I remember preparing my first research paper in high school. Ms Lily Fulton (my all-time favorite teacher) told me that quoting one person is plagiarism while quoting many is research. She taught me that citing one source was not contemplative or creative. If one source is the sum total of one’s thought, the writer stagnates and learns nothing. One has to do the research through various sources in an effort to get a variety of thoughts on any given subject. The writer’s job, then, is to absorb and synthesize the material in an effort to either create an original thought or justify affirming an alliance with the ideas of a previous writer. I still love that lady!

Why does fake news proliferate? It happens because people will take the very first source they read on a given subject and presume that the writer is/was an expert with all knowledge and beyond scrutiny. We stopped conversing over the things that we read and started blindly throwing them at each other.

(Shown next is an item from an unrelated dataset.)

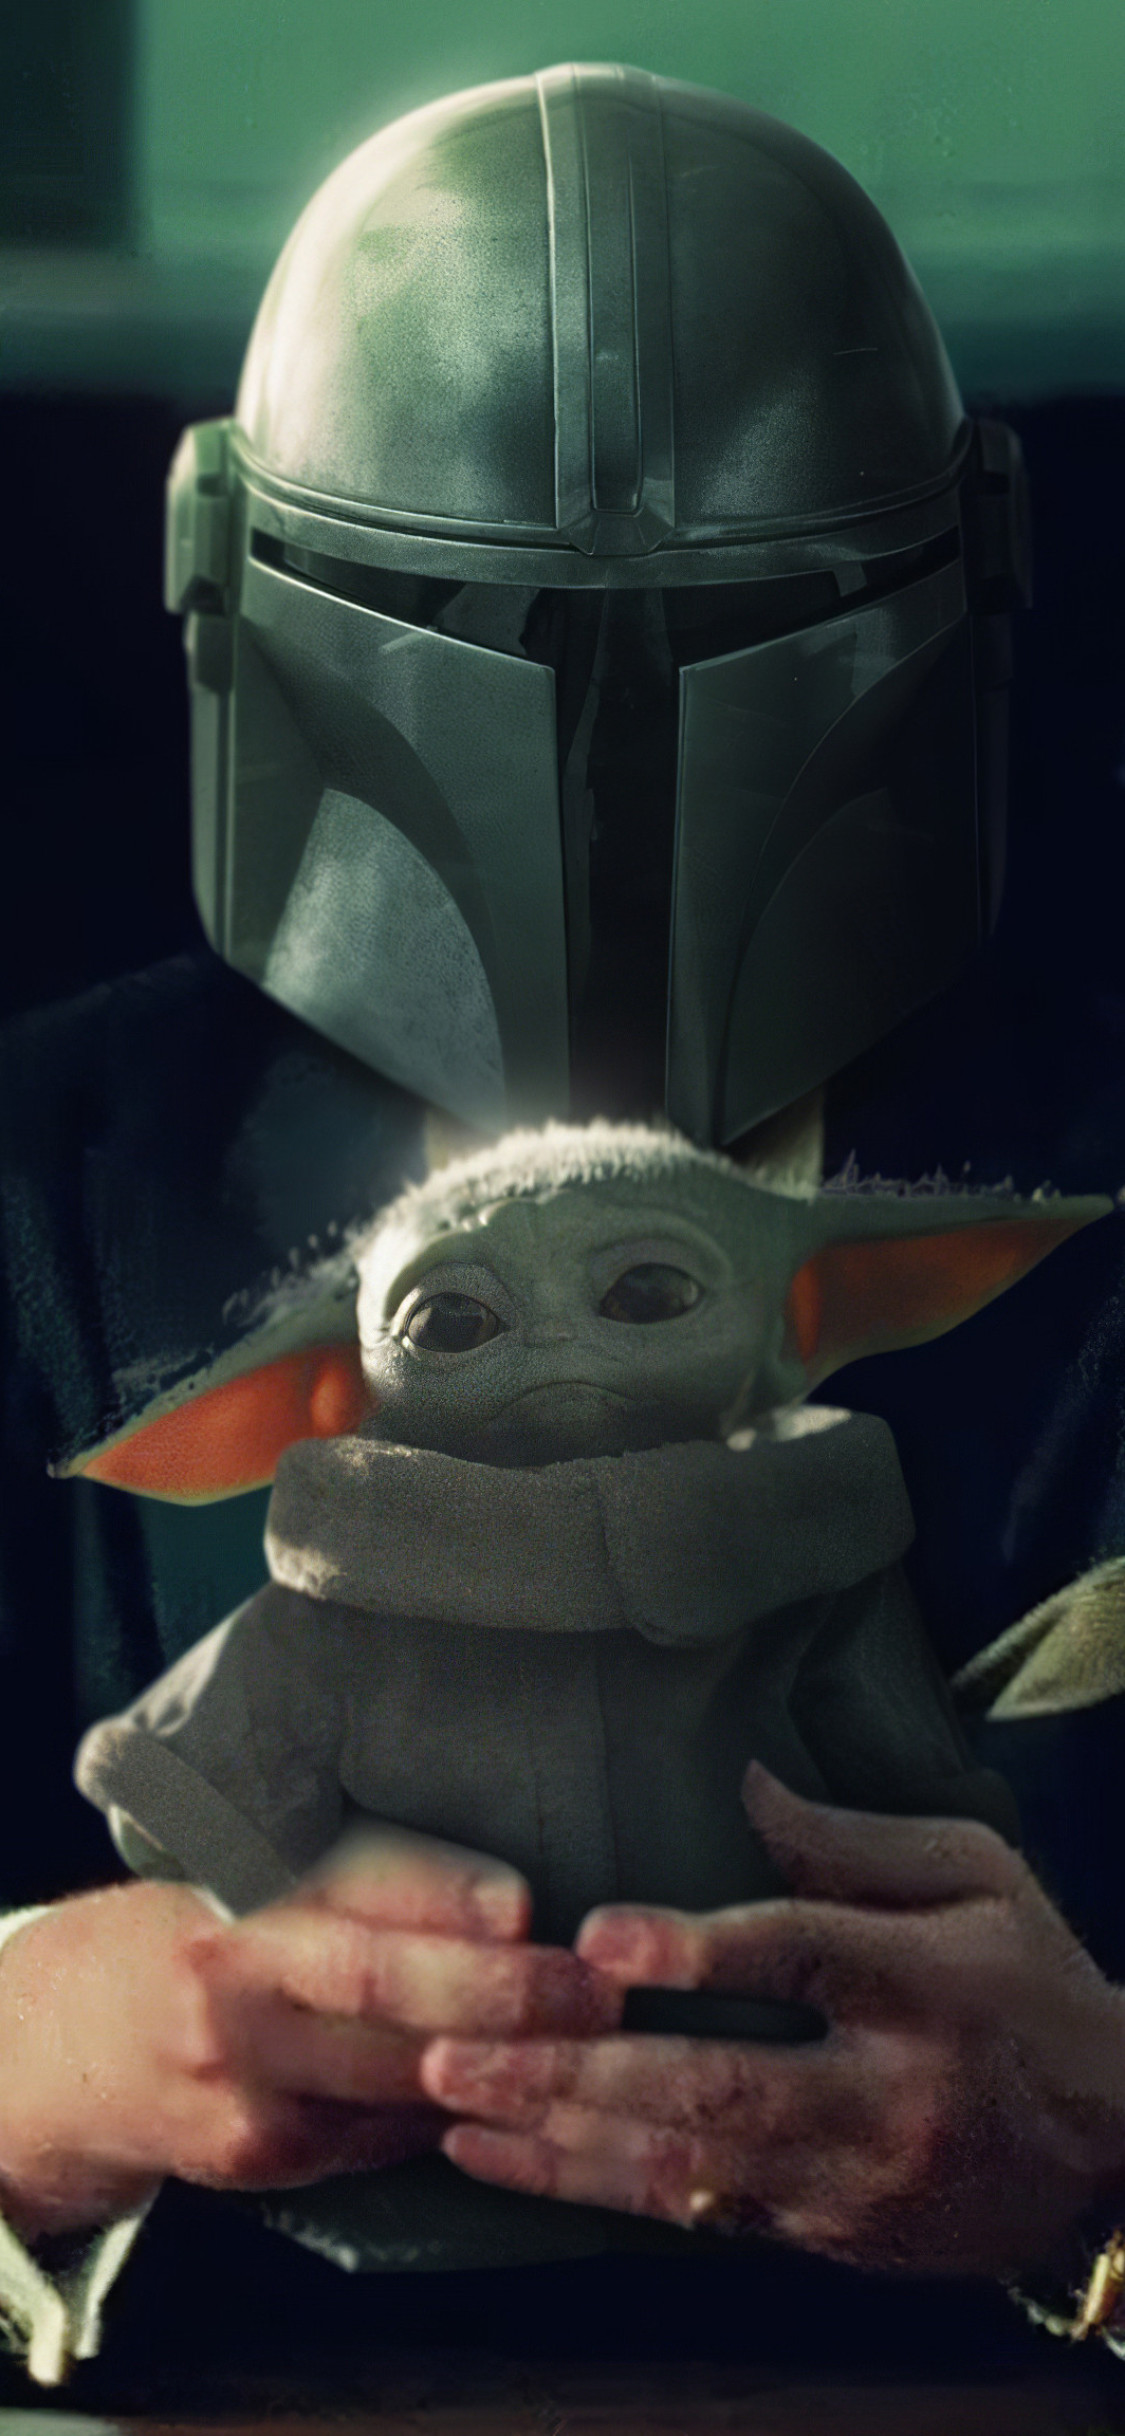 Mandalorian And Baby Yoda Wallpaper 4k 1125x2436 Wallpaper Teahub Io

So many people sit frustrated in front of computers, tired of the rhetoric being thrown at each other. When there is something important to share, we often miss it because of the noise that encapsulates all communication.

I cannot stop thinking of the Prophet Elijah’s encounter with God. Amidst all of the noise, the Prophet could discern God’s “kol demama dakah- still small voice.” These words pose an even greater impact given the bridge between last week’s Torah portion and this one. Last week, we read of the command to pay attention, “SHEMA-Listen!” This week, the first line from Torah commands us to not only pay attention, but to process what we hear. “It will be because you listen and pay attention and create with the teachings given to you that God can honor the blessings sworn to your ancestors.”

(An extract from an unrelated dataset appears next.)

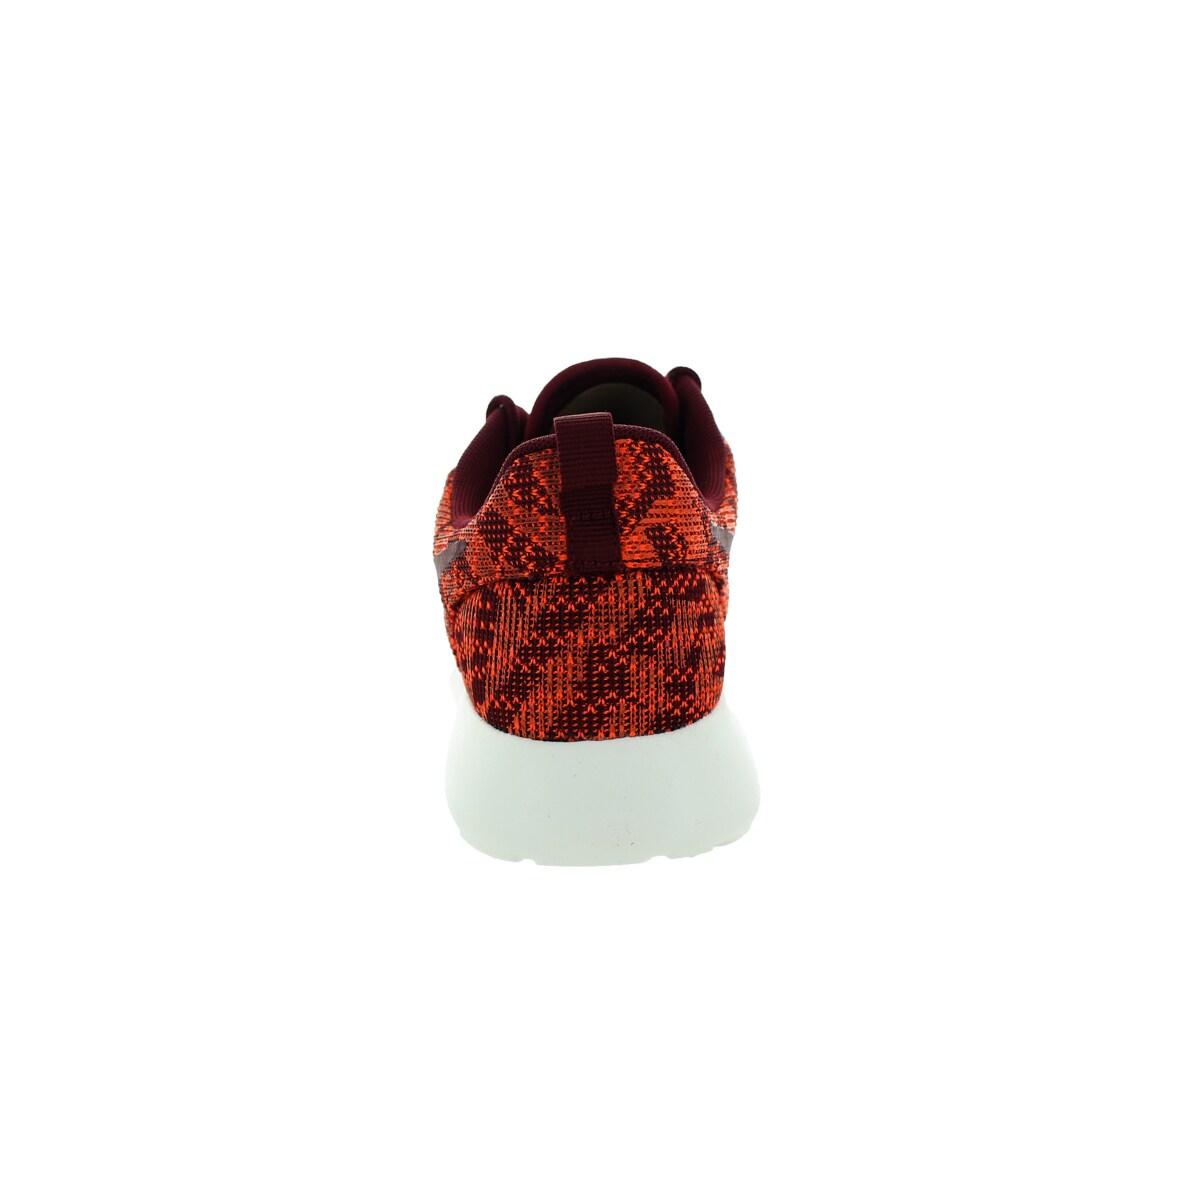 54130722f3ae Shop Nike Women s Roshe One Kjcrd Total Orange Team Red Sail Running Shoe -  Free Shipping Today - Overstock - 12321787

There is no Hebrew equivalent of the English word “obedience.” We translate the commands to pay attention or to do as obedient, but this understanding really is a theological misnomer and short cut. There is no sense of command in our tradition. Even the word “mitzvah” really best translates best as “strong ethically based suggestion to be unpacked and interpreted.” Our entire faith tradition roots in the need for engagement. We celebrate the volumes of diverse commentary that exist on single phrases of text. We teach, “Aelu v’aelu divrae Elohim Chayim – these words and these words are both the words of the living God.” We are not robots. Even giving due to those voices trying to devolve everything God into one myopic rule, if God had intended for there to be one point of view, certainly that “god” could have made it so.

Maybe this is why I get upset, and not just annoyed, when I see all of the bombastic rhetoric out there – from either side of any polarizing argument. People do not take the time to listen, research, or think for themselves. When someone disagrees with them, they default to screaming that the other person’s listening skills failed. So, not only don’t we listen, but even when we do, we get accused of not listening if we don’t change our mind to agree.

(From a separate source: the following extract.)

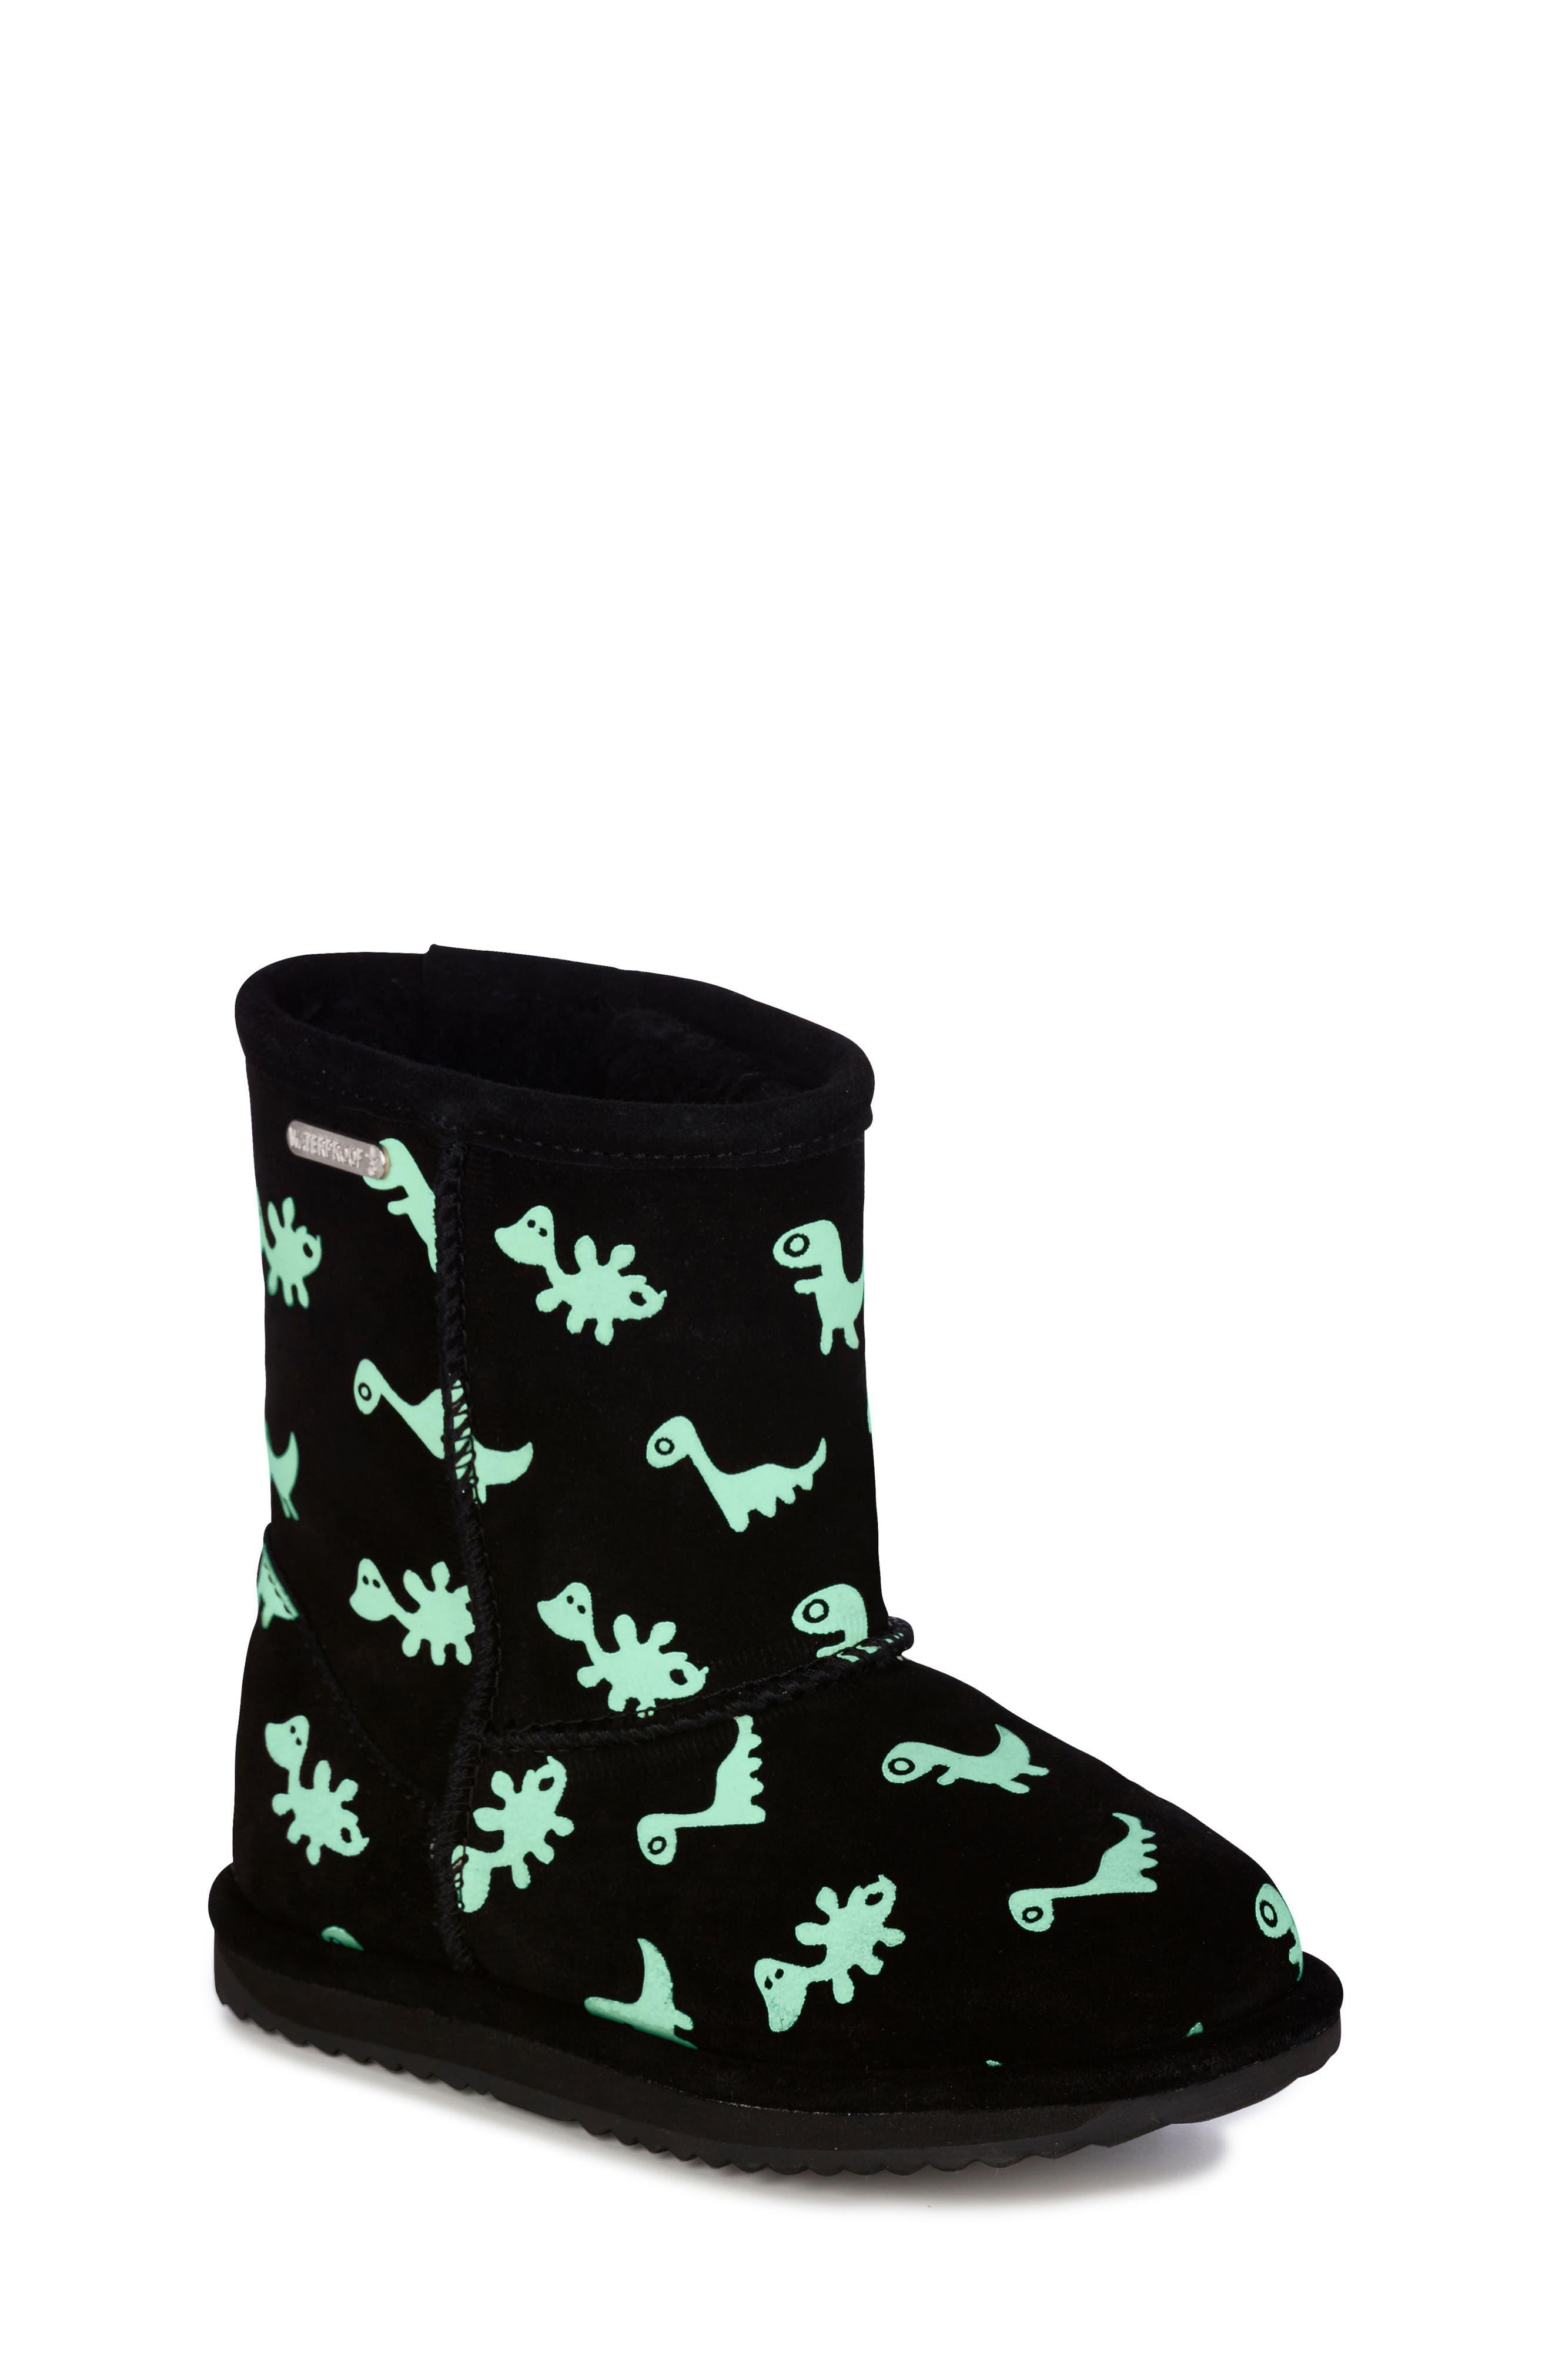 Animal Print Boots,                             Alternate thumbnail 6, color,                             BLACK

Maybe it’s time to open the Bible again; to pay attention to what it has to teach us. It teaches us not to be literal (even in reading it). It teaches us to listen and engage. It teaches us to wrestle with what we hear and to grow from the engagement. Most importantly, it teaches us that society can only function when each of us commits to all of the above, while at the same, holding dignity for everyone else doing it, in the highest regard. I know, radical thought, we don’t have to agree to respect each other. Shabbat Shalom.